Life is all about asking for and receiving help. Whether you're looking for a mentor to help you grow your business or simply asking a colleague to print out that final report while you set up the meeting room, asking for a favor can be a tricky task.

Some people find asking for help extremely daunting. "Is it a sign of weakness?" "Will my boss get mad at me?" "What if my colleague says no?" Our internal dialogue has a tendency to hinder our ability to be honest and ask for help when we need it most. But it doesn't have to be that way.

In fact, if you follow these four steps, you'll feel much more confident about asking for that favor, and drastically increase the likelihood you hear a "Yes" instead of a big fat "No". So let's break the ice and outline four simple steps to help you get what you want, when you need it.

1. Set the scene.

Speak to someone directly; either approach them in-person (ideally) or call them on the phone.

"I have a favor to ask you. I really need your help. Will you help me?"

When you phrase the question in this way, the natural response is to ask, "What do you need?" or "What is it?" Involving the other person in your situation is a great way to get them engaged from the start. Because you're actively speaking to them, the other person (your colleague, boss or whomever) will have to assess the nature of the favor in front of you. It's very unlikely for someone to do this and turn you down, and is much more effective than sending a passive email or text.

It's also very good to use the word "help" more than once. People respond incredibly positively towards the word "help", especially if you're asking in a way that's genuine and authentic.

2. Give a reason.

When the other person asks the inevitable "Why?", you need to be armed with a rational and convincing response.

Let's say you work at a bar and you need a colleague to cover your shift. You must clearly and succinctly explain why you want the favor:

"I really need you to help me cover this shift because my daughter is graduating today. I'm so proud of her, she'll be devastated if I miss it."

Just to be clear, you need to have a good reason for someone to help you (even more so depending on the level of help you're expecting). If you're just asking for someone to print out a piece of paper for you, your reasoning doesn't have to be very drastic. But, in the case above, context is key. The reason comes directly after the "because", and in this case even explains the consequences of what will happen if you miss the graduation.

Using emotion elicits a response and supports your reasoning.

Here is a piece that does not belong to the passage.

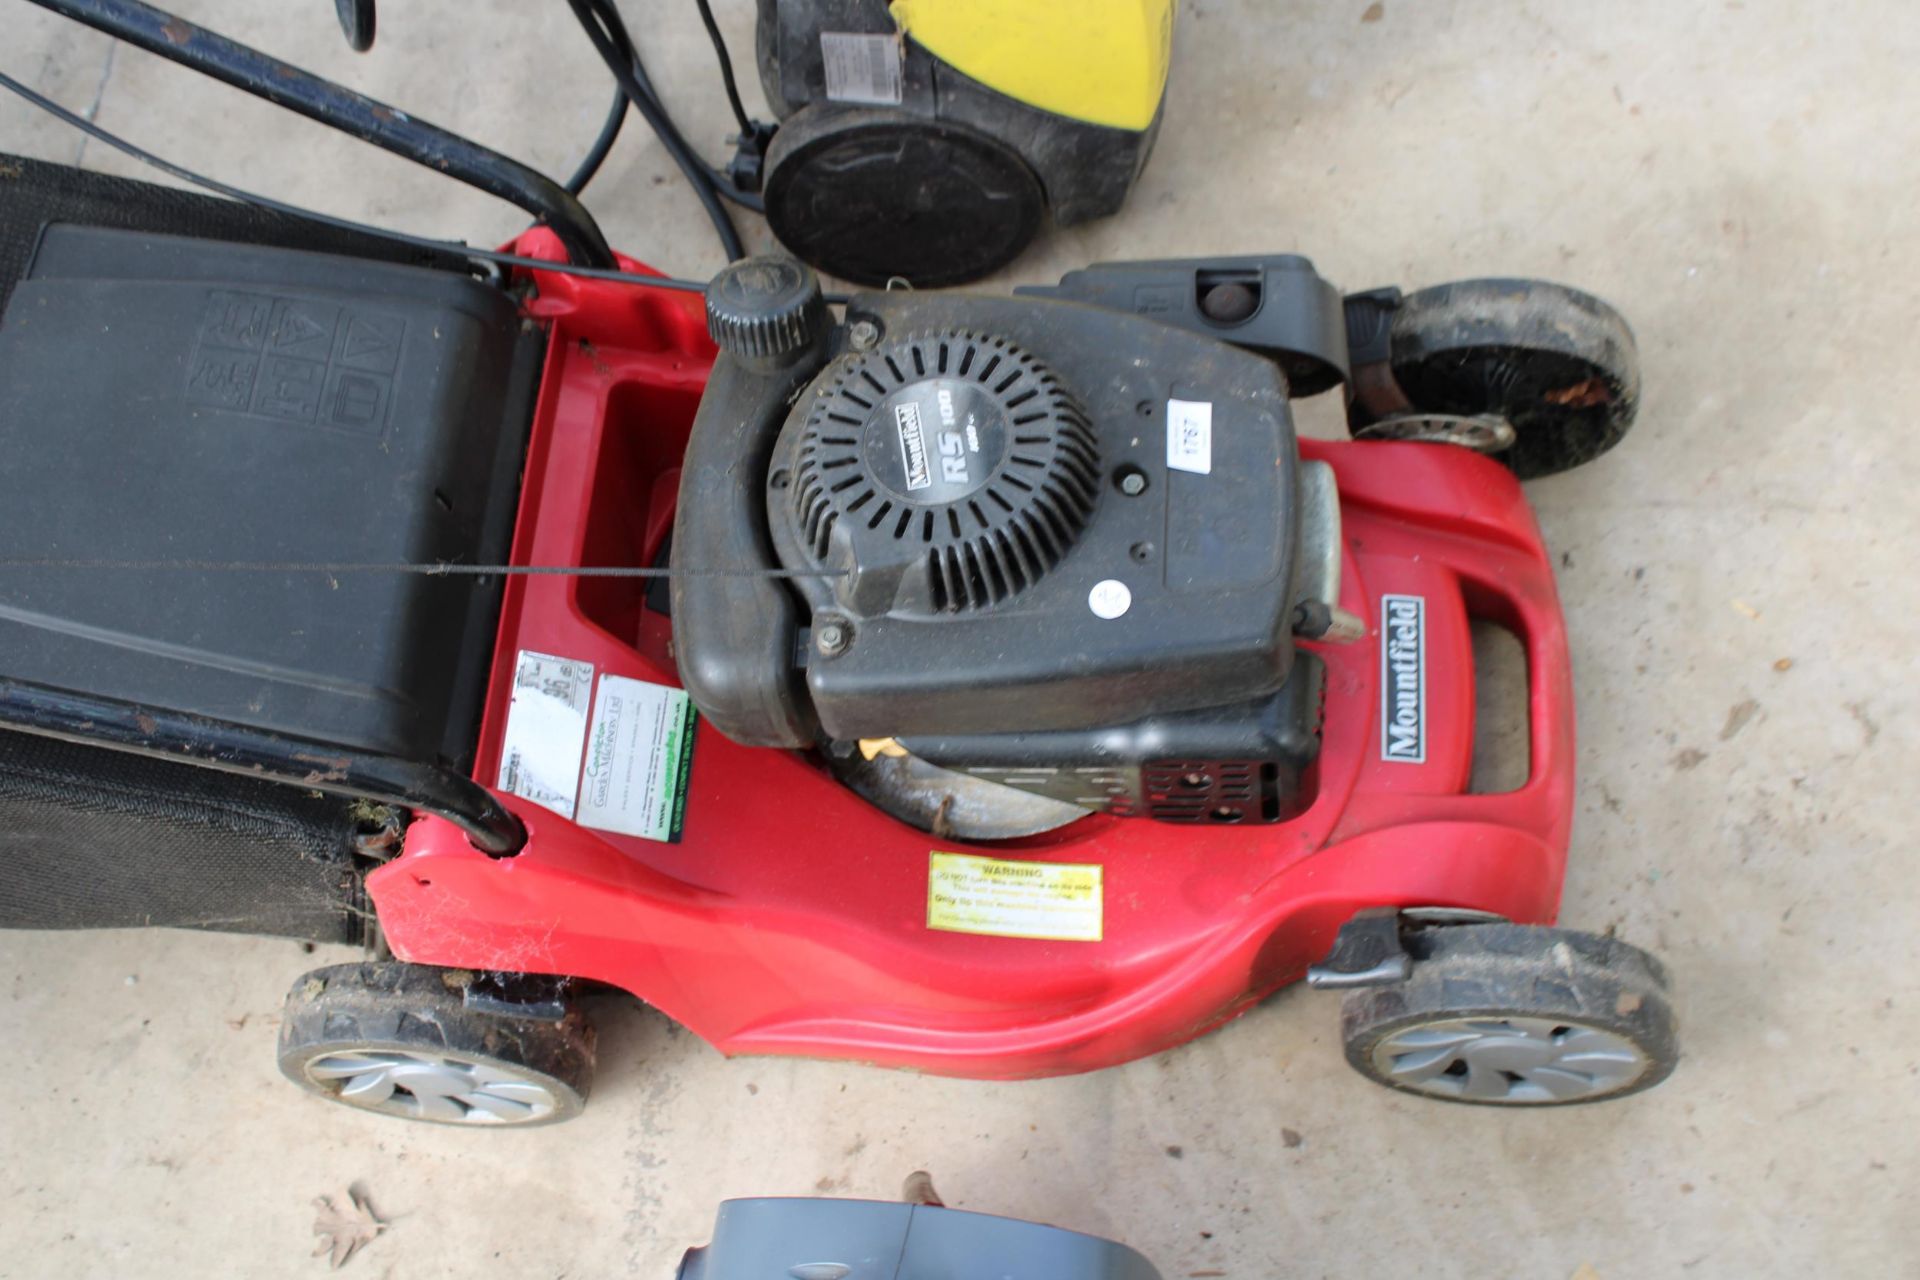 A MOUNTFIELD RS100 PETROL LAWN MOWER WITH GRASS BOX - Image 2 of 3

The overwhelming majority of people make decisions emotionally, so use this to your advantage.

3. Provide the weak escape clause.

If the other person pauses to consider your question, use this temporary lull as a way to provide a weak escape clause:

"Hey, if you can't, I'll just tell my daughter I couldn't find anyone to help me."

Can you imagine anyone saying "No" to this request now? At the very least, you've persuaded with empathy and that individual will either directly help you or use their efforts to find someone else who can cover your shift.

And remember, if you don't think it's going to close right away, you can provide the upside quickly:

"If you can do it, I'd be happy to cover a shift for you at some point in the future."

Making this statement shows a commitment to fairness and a genuine desire to match their kindness. It would take a heart of steel to say no at this point.

4. Re-enforce the value to ensure nobody goes back on the deal.

When you get the answer you're looking for, don't say:

"Are you sure?"

Just say, "Thank you. I really appreciate your help."

For whatever reason, many of us are tempted to play nice and respond by questioning their commitment one final time. But why give someone a chance to back out now after all your hard work?

Offer a genuine thanks and re-enforce why it means so much to you. This stops any chance of buyers' remorse.

"You know, if it wasn't for you I'd have to miss a really important life event. I've waited so long to see this. Thank you so much."

Then, confirm the details, keep your side of any commitment you make and move forward. You might not have your daughter's graduation to use every time you need a favor, but if you use the technique described above, you can effectively influence and encourage others to help you when you need it most.